In 2023, the Suez Canal recorded the transit of 1,158 ships for 127 million tons of tonnage, generating revenues of 733 million dollars.

In the month of November, the recovery of traffic continued with 1,156 ships for a net tonnage of 48.5 million tonnes and a turnover of 383.4 million dollars (last year the same month had seen the passage of a thousand ships for 300 million in turnover).

During the CONTAINER ITALY Business Meeting held in recent days in Milan, Ignazio Messina, CEO of the eponymous shipping company, said that “there has been a setback regarding the possibility of returning to sail in the Red Sea with a certain tranquility, because since the truce between Gaza and Israel was signed, the bombings have continued and the only calming factor has been the message from the Huthi who announced they had stopped their attacks, even if they did not say for how long. As long as there is no stable peace, it is unlikely that all companies will return to sailing via Suez in the short term; but if everyone were to pass back through the Red Sea, maritime freight rates would collapse; we would see a 30-40% excess of hold capacity and we would see ships stopped and laid up again. This would be quite devastating.”

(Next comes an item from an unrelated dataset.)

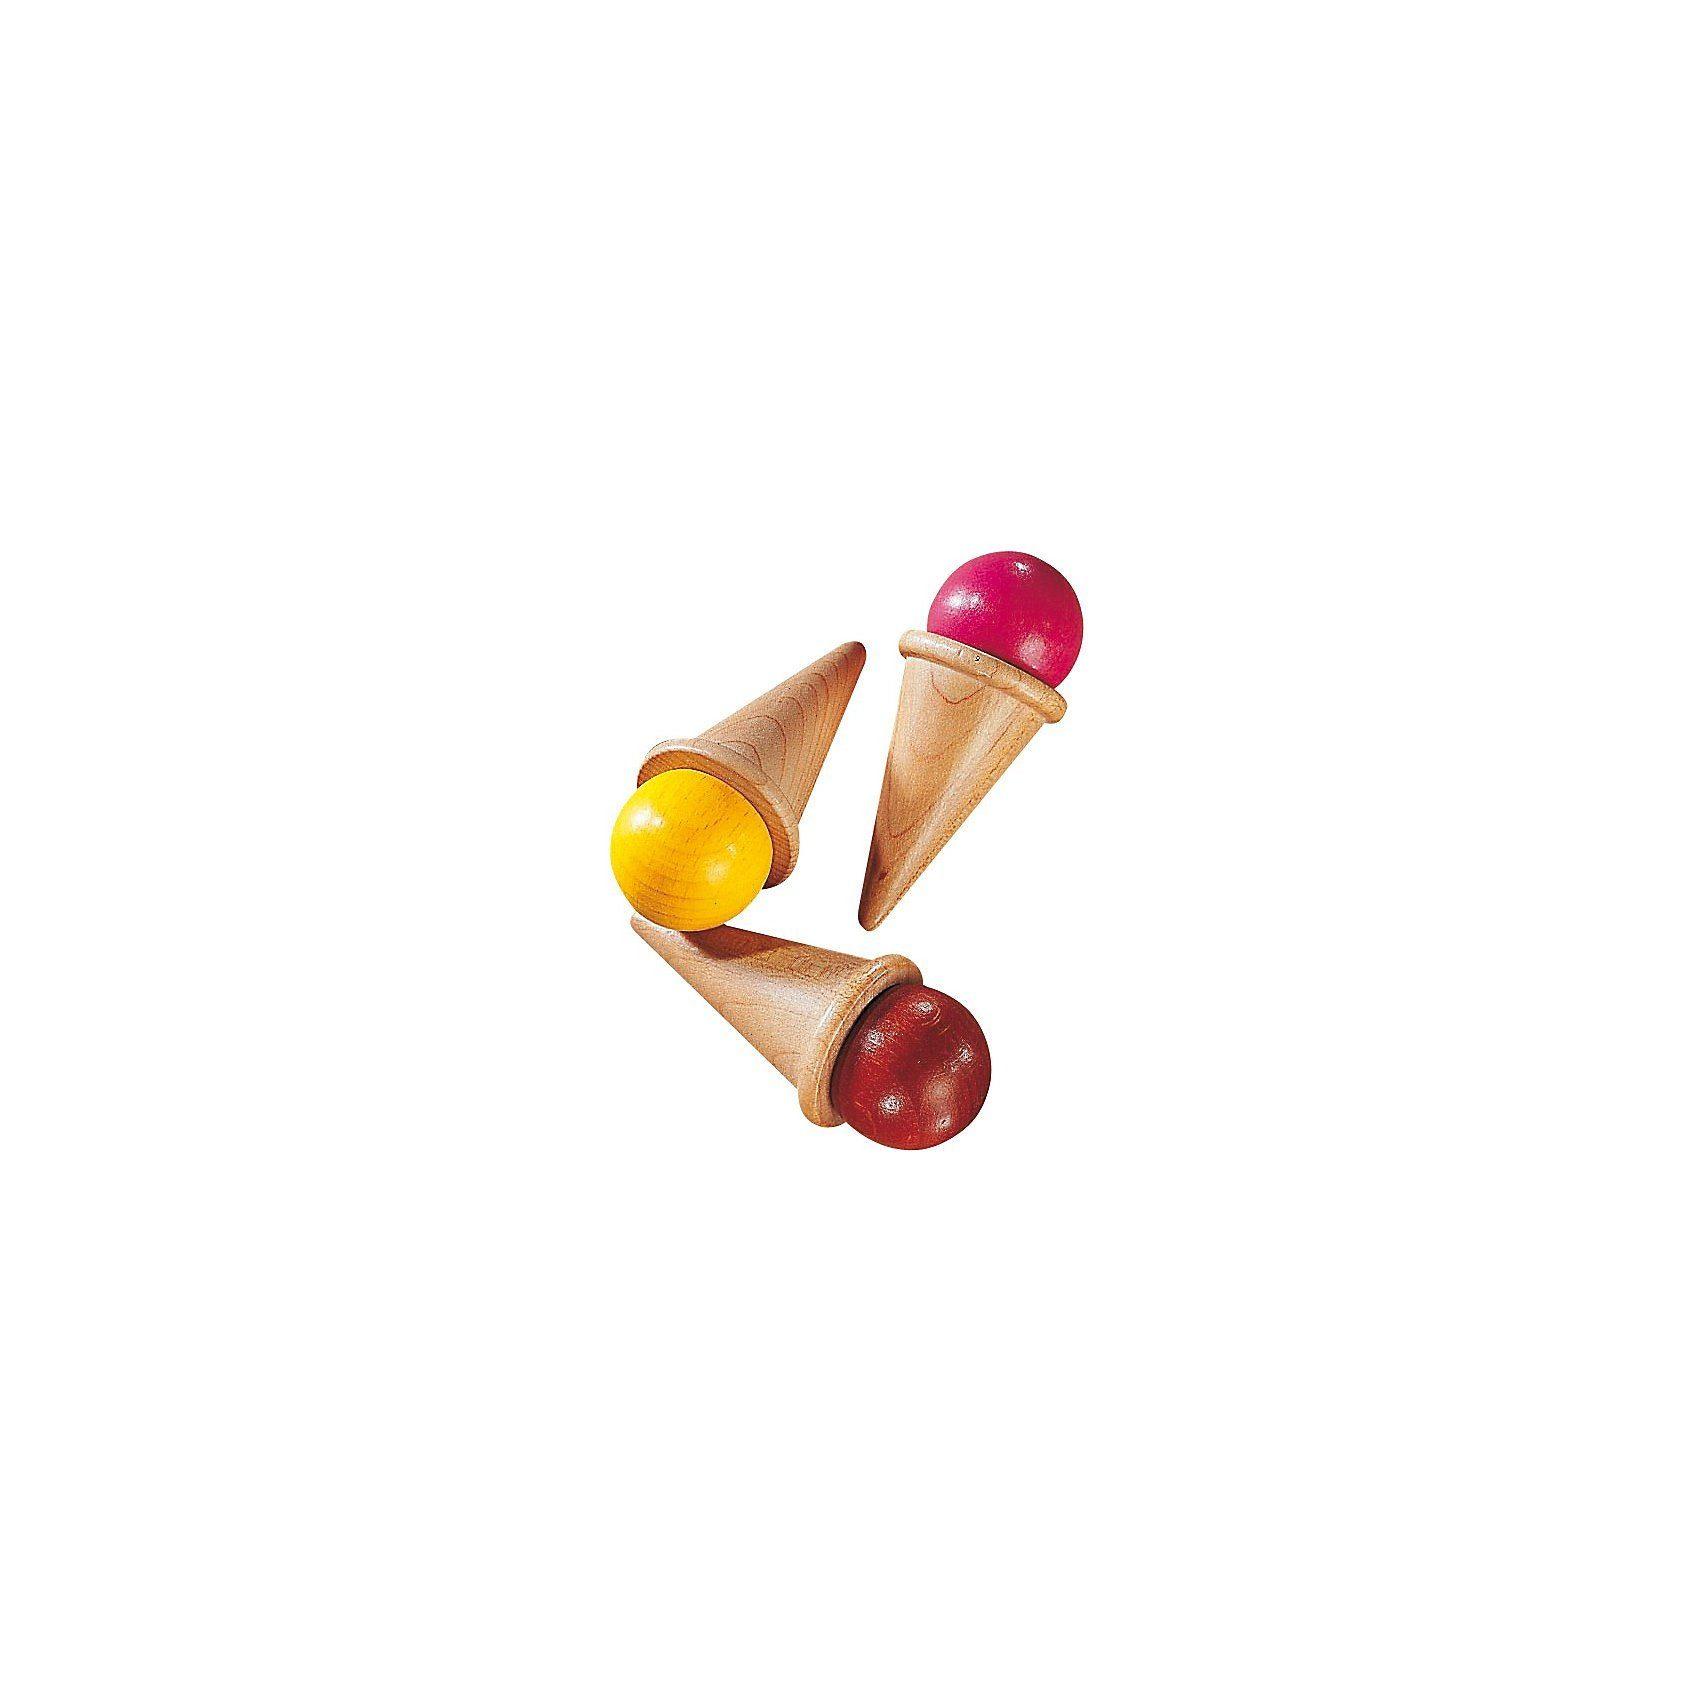 Haba 7988 Eistüten-Set Spiellebensmittel

This scenario would fit into a market context that financially already shows clear signs of deterioration. According to Sea-Intelligence, the combined EBIT of the seven largest listed container shipping lines (Maersk, Cosco, Hapag-Lloyd, ONE, HMM, Zim and Yang Ming) in the third quarter of 2025 plummeted to 5.12 billion dollars compared to 17.06 billion in the same period of 2024. A level of profitability that, although significantly lower than last year’s peaks, nevertheless remains higher than the pre-Covid period and seems to have settled at a level of economic sustainability precisely thanks to the lengthened routes around Africa on the Asia-Europe trade. The highest EBIT per transported TEU ratio is that of Cosco (350 dollars), followed by Zim (280 /TEU) while for all the other global carriers analyzed the /TEU ratio is below 200 dollars (for ONE 85 /TEU, for Maersk (83 /TEU) and Hapag Lloyd (65 /TEU). In the third quarter of 2024, the lowest /TEU ratio was 335 dollars.

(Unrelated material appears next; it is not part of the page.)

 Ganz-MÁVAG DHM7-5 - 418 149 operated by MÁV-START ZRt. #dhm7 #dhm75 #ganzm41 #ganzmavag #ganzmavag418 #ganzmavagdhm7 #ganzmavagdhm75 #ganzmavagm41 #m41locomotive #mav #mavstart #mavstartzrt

Trying to see the glass half full, during the CONTAINER ITALY Business Meeting, the marketing and sales director of Trieste Marine Terminal, Marco Zollia, attempted to do so: “When it will be possible to cross Suez safely, I believe that the Asia-Mediterranean lines, and in particular those between Asia and the Adriatic, will return to sailing in the Red Sea because the cost difference (primarily of fuel) is significant. I have more doubts,” he added, “about whether the services connecting Asia to the ports of Northern Europe will return to sailing via Suez because the companies have ‘discovered’ the West Africa market. By circumnavigating the Cape of Good Hope, they now make regular and important calls at West African ports, and bringing those services back to sail via Suez would mean redesigning the lines to continue serving West Africa but through transshipment, via feeder ships.”

It could therefore happen that some companies return via Suez to serve the Mediterranean (and the Adriatic in particular) and other lines continue with the circumnavigation of Africa to reach the ports of Northern Europe “with a clear advantage for Italian ports, which would benefit from a transit time to and from Asia that is lower than to Northern Europe,” concluded Zollia.